■ WORK INSTRUCTIONS
Would you output the entries below only from the line containing "Maharani College Merit List 2023" through the line containing "Page 8 of manga 纯情!! 第一章 「纯情」", exactly as they stand and with both ends included?

START GIVEN DATA

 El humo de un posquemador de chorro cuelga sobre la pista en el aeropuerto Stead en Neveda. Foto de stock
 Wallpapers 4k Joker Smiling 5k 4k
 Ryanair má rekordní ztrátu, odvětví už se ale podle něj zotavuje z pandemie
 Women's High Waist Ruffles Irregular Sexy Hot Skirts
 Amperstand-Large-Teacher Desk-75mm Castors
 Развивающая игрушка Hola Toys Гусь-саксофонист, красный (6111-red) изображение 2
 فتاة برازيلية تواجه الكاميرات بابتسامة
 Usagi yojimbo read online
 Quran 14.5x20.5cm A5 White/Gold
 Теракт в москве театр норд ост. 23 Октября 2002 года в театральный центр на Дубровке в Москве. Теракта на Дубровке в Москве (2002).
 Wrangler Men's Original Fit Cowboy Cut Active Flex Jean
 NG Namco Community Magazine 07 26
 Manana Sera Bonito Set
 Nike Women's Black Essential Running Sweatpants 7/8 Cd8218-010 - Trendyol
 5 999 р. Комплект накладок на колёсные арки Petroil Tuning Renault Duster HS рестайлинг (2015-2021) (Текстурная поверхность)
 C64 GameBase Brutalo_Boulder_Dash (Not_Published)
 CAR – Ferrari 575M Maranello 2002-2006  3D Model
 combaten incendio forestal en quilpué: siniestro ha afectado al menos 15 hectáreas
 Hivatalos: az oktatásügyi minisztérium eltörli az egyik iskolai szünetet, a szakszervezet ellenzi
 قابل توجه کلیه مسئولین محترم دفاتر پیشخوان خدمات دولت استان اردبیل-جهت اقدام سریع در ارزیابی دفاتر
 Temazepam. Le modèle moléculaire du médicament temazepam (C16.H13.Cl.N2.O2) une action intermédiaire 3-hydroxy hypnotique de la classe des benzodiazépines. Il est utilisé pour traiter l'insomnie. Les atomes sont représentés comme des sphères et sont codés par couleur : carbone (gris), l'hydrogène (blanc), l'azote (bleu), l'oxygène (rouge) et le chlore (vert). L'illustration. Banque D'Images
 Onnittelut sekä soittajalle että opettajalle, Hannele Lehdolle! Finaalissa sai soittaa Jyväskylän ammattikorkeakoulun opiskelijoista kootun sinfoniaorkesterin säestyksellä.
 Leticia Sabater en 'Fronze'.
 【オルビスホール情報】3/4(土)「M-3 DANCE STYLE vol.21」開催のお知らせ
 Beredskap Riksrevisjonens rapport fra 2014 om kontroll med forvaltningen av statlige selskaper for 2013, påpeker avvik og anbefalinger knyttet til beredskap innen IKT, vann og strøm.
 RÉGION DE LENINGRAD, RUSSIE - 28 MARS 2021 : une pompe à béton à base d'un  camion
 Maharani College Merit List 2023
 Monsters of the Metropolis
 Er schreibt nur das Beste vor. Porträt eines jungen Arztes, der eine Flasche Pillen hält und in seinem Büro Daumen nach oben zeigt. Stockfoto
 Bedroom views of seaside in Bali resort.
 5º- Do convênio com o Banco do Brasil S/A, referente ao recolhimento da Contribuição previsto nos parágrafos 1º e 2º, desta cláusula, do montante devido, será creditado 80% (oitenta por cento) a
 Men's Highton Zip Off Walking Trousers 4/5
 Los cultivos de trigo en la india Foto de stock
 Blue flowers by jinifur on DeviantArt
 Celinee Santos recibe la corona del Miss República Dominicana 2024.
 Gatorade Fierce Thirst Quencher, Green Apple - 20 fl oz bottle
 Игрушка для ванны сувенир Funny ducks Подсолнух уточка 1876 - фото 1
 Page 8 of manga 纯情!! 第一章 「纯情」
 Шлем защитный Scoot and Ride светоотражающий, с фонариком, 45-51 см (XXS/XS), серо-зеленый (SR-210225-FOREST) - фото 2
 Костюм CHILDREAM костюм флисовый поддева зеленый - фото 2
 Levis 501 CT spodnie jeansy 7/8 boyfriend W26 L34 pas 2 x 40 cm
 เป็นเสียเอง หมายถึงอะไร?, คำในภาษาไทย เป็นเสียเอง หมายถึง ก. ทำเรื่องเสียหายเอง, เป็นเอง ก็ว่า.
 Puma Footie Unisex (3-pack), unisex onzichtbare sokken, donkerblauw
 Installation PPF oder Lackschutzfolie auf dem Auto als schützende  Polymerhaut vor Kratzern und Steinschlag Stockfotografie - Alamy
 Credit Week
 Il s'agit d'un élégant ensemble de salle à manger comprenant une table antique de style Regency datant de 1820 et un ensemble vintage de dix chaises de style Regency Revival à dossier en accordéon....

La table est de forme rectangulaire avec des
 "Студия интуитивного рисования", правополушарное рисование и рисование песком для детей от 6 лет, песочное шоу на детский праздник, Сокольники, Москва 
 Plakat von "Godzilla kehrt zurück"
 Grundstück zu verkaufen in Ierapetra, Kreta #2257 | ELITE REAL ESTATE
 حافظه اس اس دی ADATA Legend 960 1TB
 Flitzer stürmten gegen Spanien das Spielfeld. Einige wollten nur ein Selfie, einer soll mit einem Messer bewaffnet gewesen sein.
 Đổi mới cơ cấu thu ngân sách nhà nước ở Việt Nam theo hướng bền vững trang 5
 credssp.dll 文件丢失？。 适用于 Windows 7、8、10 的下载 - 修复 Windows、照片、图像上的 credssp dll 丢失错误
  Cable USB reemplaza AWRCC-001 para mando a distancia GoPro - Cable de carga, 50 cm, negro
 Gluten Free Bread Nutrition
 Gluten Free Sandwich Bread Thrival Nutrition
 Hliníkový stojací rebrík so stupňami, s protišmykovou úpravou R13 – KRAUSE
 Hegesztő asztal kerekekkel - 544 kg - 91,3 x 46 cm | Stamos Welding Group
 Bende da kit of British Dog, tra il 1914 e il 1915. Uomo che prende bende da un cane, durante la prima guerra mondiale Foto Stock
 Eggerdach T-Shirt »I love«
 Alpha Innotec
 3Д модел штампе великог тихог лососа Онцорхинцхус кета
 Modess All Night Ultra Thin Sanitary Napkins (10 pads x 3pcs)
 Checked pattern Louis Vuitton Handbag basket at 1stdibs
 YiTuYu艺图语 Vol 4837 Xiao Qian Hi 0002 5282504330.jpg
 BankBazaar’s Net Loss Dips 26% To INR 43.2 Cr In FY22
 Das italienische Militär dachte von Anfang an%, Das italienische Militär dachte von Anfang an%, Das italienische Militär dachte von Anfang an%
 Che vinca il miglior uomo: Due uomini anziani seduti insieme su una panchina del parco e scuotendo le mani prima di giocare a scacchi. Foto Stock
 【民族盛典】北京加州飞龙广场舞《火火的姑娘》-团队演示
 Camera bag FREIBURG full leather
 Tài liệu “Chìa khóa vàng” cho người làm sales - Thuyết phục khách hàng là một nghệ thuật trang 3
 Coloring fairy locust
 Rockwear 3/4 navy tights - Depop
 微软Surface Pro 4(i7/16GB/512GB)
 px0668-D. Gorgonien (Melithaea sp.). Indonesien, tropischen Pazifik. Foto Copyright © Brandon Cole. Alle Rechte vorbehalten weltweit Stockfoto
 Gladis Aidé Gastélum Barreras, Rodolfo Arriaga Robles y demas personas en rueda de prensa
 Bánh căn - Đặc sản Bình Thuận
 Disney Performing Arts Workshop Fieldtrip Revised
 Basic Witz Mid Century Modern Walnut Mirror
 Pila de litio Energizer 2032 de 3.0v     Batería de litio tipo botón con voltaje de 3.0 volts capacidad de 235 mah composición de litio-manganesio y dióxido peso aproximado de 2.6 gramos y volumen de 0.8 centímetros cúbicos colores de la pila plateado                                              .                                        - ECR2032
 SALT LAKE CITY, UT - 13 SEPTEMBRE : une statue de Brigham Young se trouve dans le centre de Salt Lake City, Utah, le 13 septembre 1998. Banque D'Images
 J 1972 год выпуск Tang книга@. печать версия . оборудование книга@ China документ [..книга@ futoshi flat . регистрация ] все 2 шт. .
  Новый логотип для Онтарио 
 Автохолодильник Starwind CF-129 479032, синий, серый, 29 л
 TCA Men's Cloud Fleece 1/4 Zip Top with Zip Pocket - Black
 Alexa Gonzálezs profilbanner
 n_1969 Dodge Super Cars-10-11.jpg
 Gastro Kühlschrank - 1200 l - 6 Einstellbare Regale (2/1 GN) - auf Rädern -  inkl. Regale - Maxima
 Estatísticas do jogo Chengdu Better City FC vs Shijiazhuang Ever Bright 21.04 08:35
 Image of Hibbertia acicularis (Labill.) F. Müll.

END GIVEN DATA

■ RESPONSE TO THIS TASK
 Maharani College Merit List 2023
 Monsters of the Metropolis
 Er schreibt nur das Beste vor. Porträt eines jungen Arztes, der eine Flasche Pillen hält und in seinem Büro Daumen nach oben zeigt. Stockfoto
 Bedroom views of seaside in Bali resort.
 5º- Do convênio com o Banco do Brasil S/A, referente ao recolhimento da Contribuição previsto nos parágrafos 1º e 2º, desta cláusula, do montante devido, será creditado 80% (oitenta por cento) a
 Men's Highton Zip Off Walking Trousers 4/5
 Los cultivos de trigo en la india Foto de stock
 Blue flowers by jinifur on DeviantArt
 Celinee Santos recibe la corona del Miss República Dominicana 2024.
 Gatorade Fierce Thirst Quencher, Green Apple - 20 fl oz bottle
 Игрушка для ванны сувенир Funny ducks Подсолнух уточка 1876 - фото 1
 Page 8 of manga 纯情!! 第一章 「纯情」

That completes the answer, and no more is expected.